## Instructions to follow
Repeat the data exactly as given below, dropping every picture.

## Source material
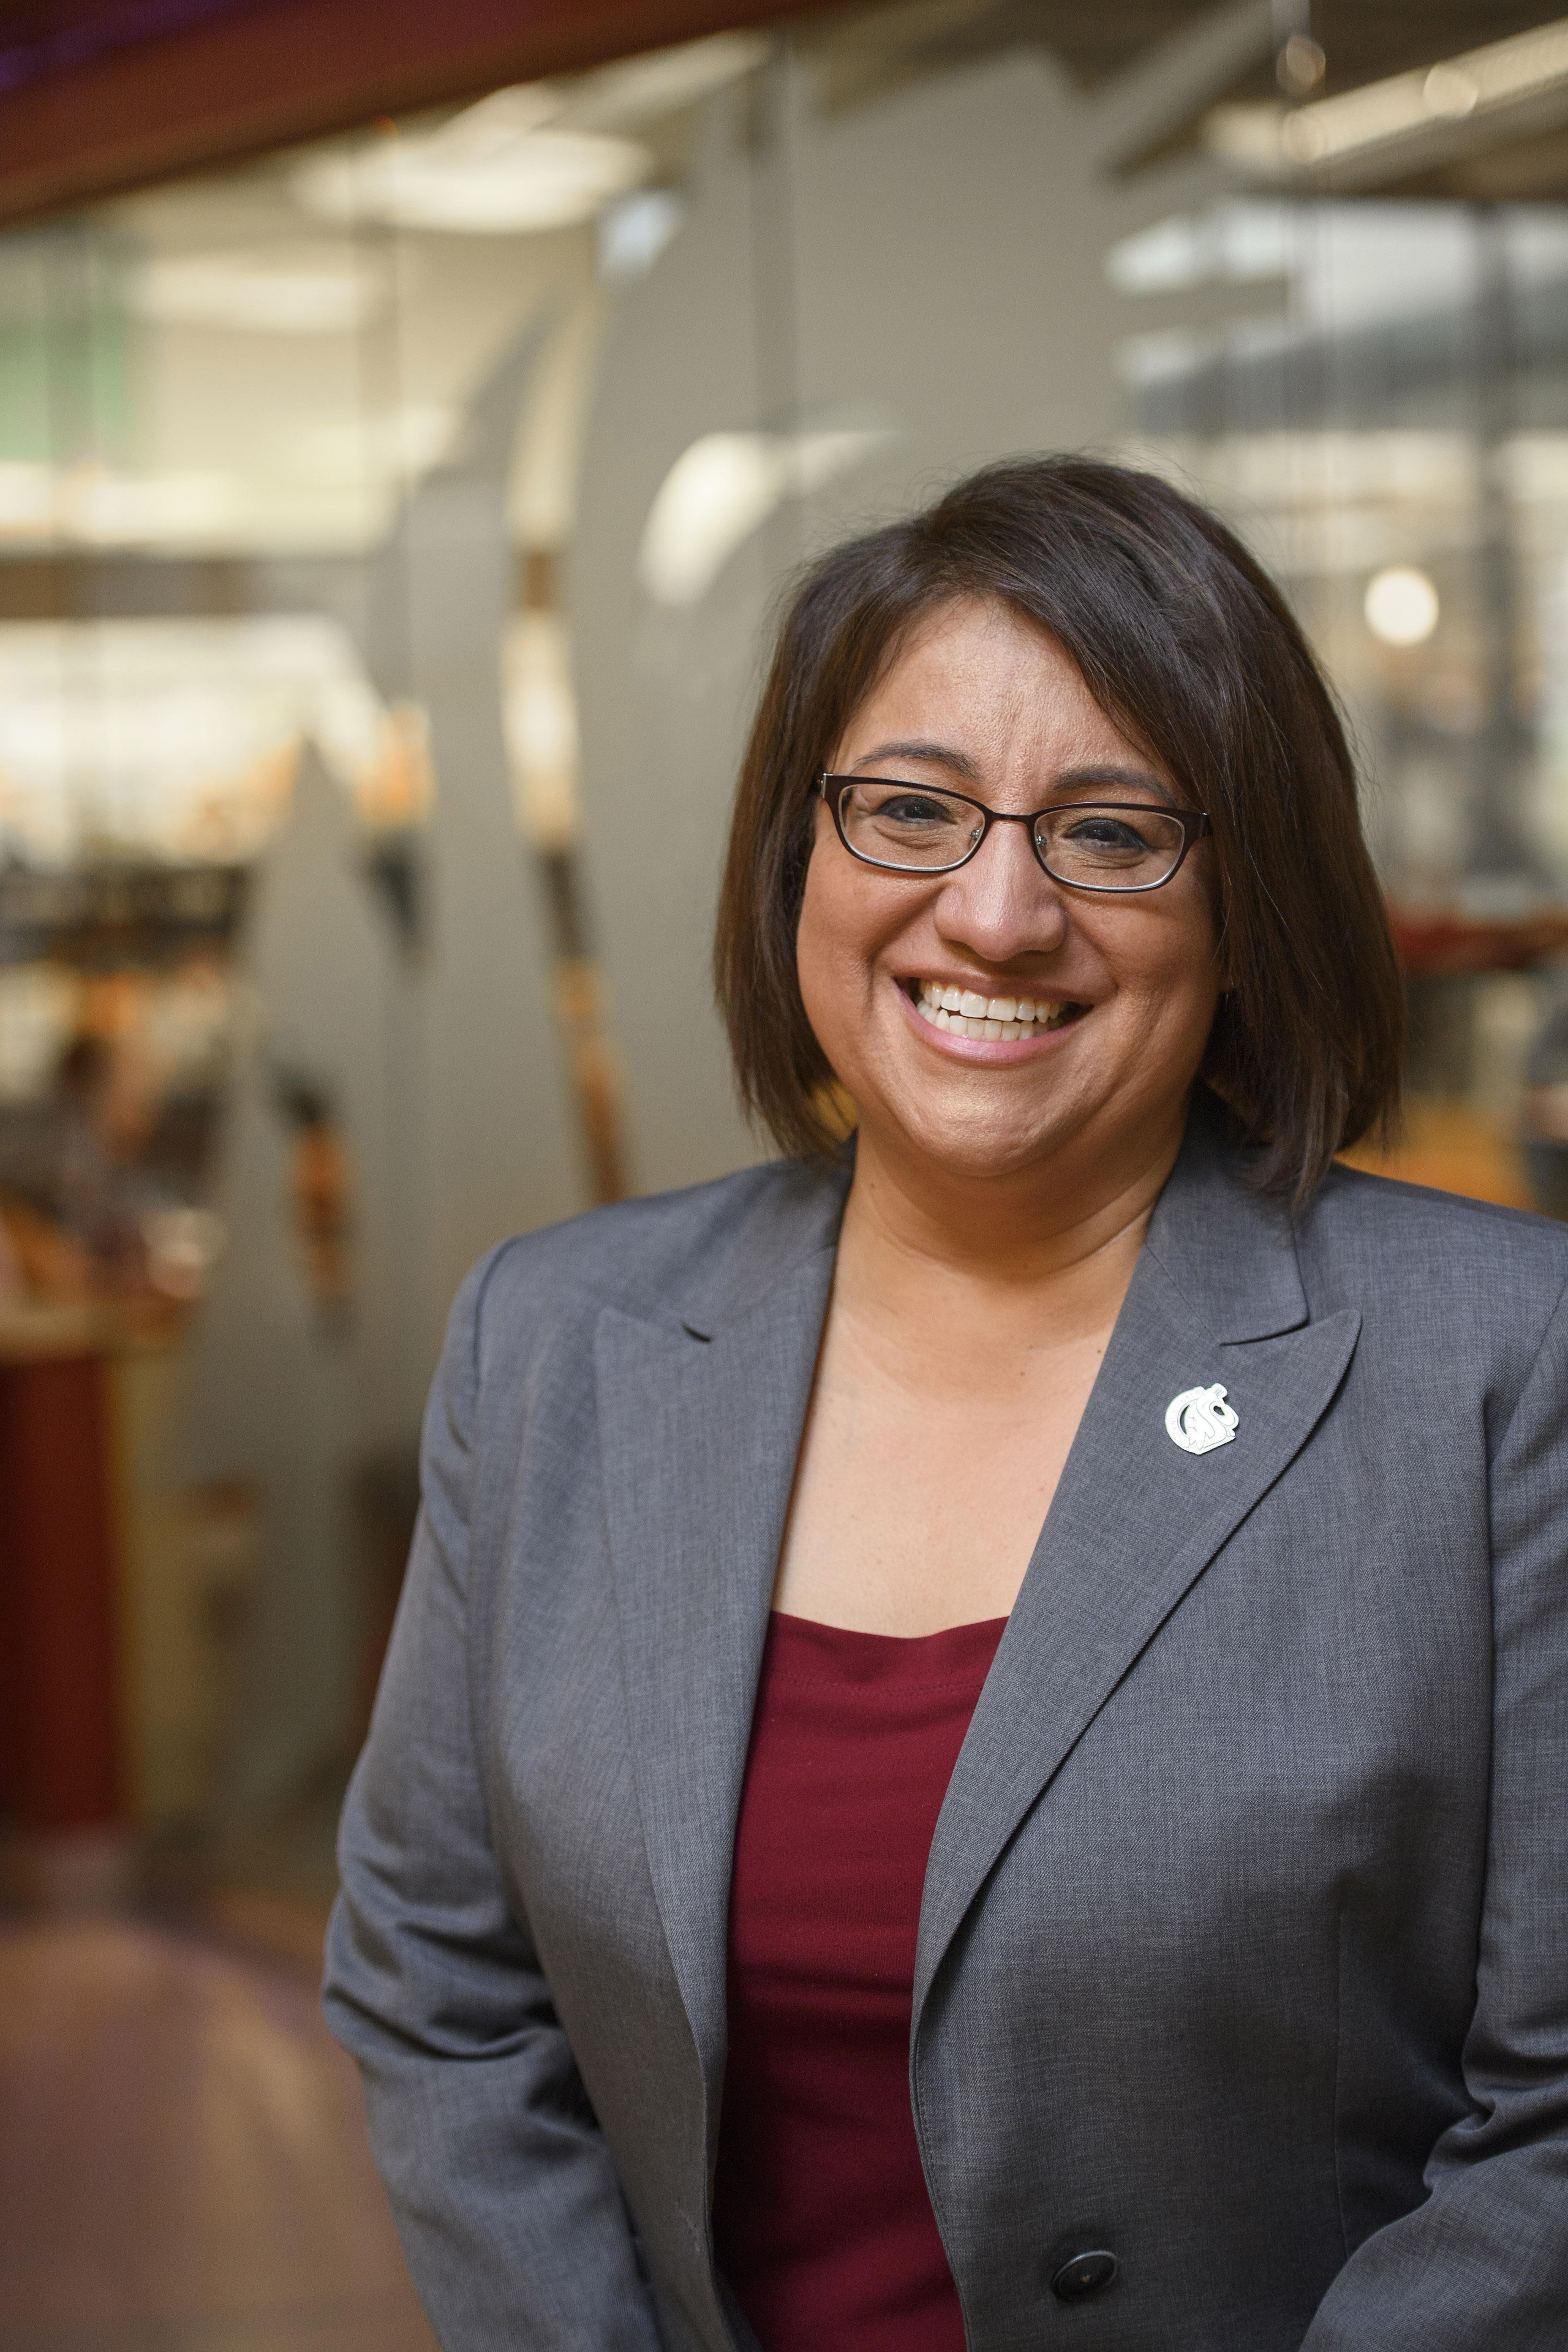 Mary Jo Gonzales in profile
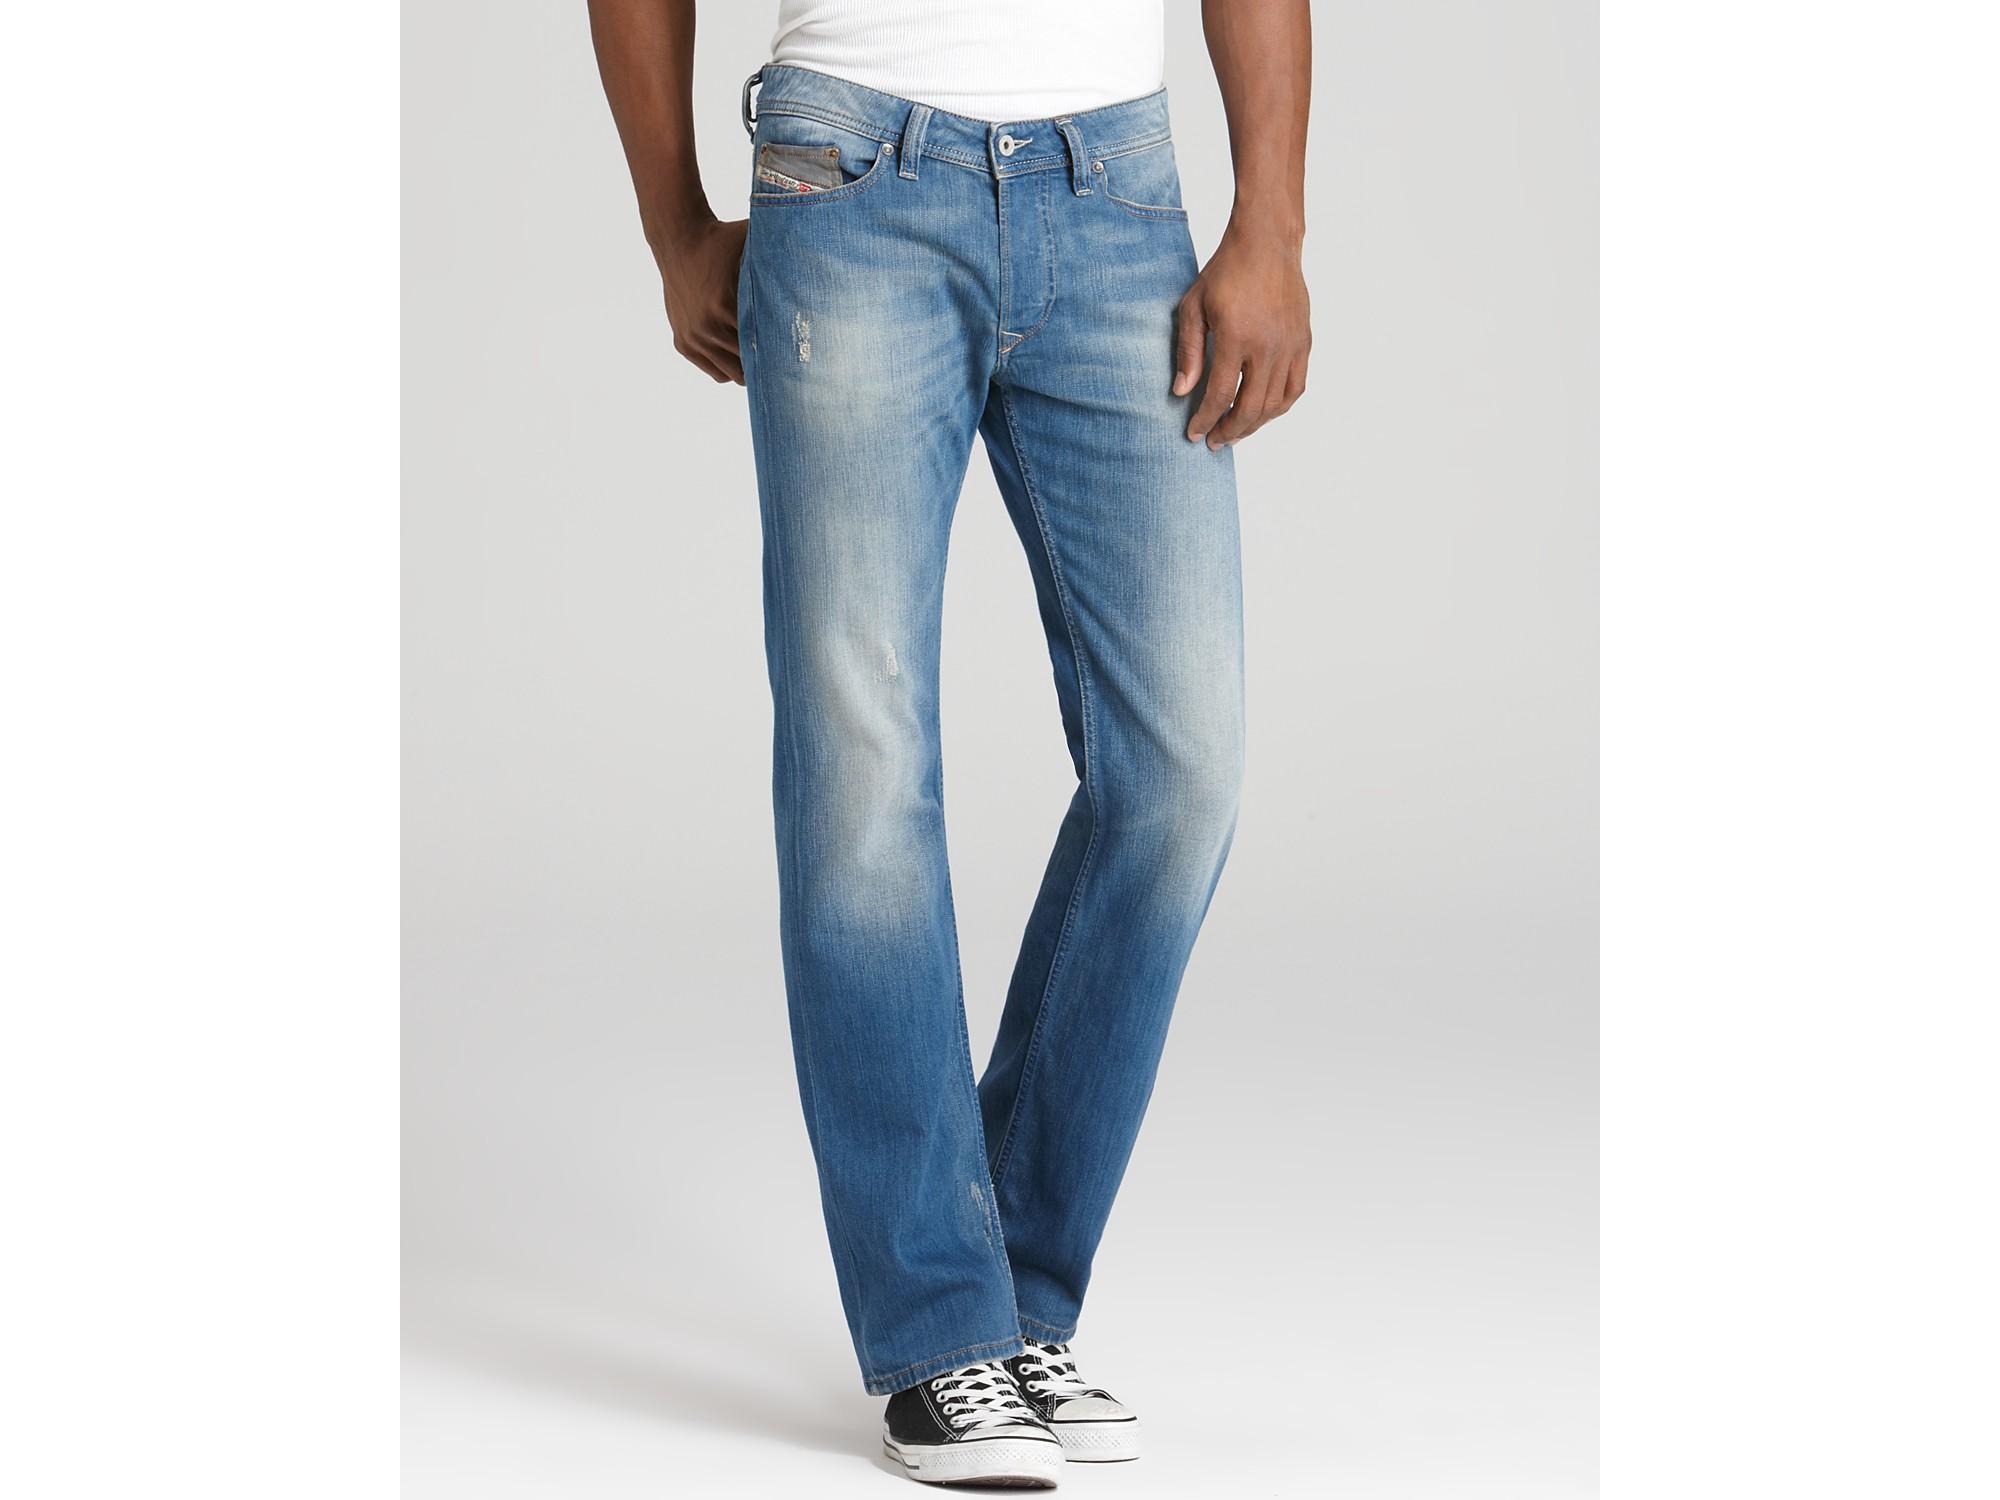 a2c68960 DIESEL Viker Jeans in 888e in Blue for Men - Lyst
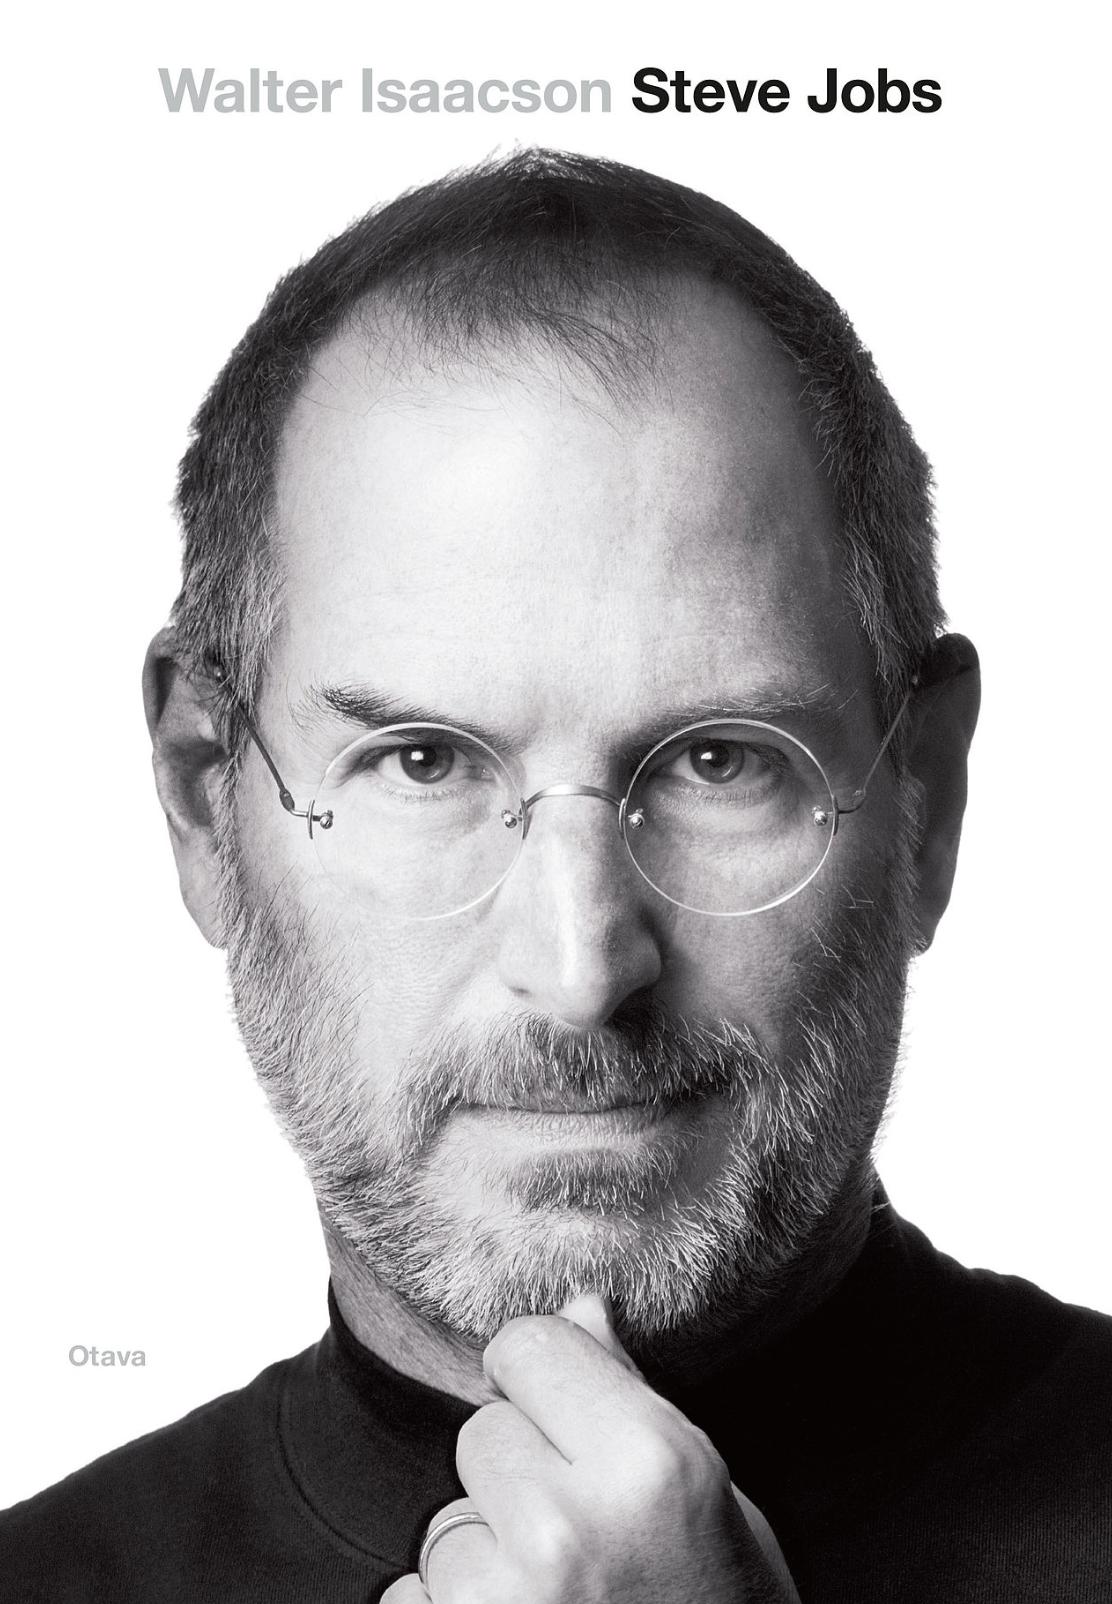 Steve Jobs, kirjoittanut Walter Isaacson - kirjan kansikuva

## Solution for this exercise
 Mary Jo Gonzales in profile
 a2c68960 DIESEL Viker Jeans in 888e in Blue for Men - Lyst
 Steve Jobs, kirjoittanut Walter Isaacson - kirjan kansikuva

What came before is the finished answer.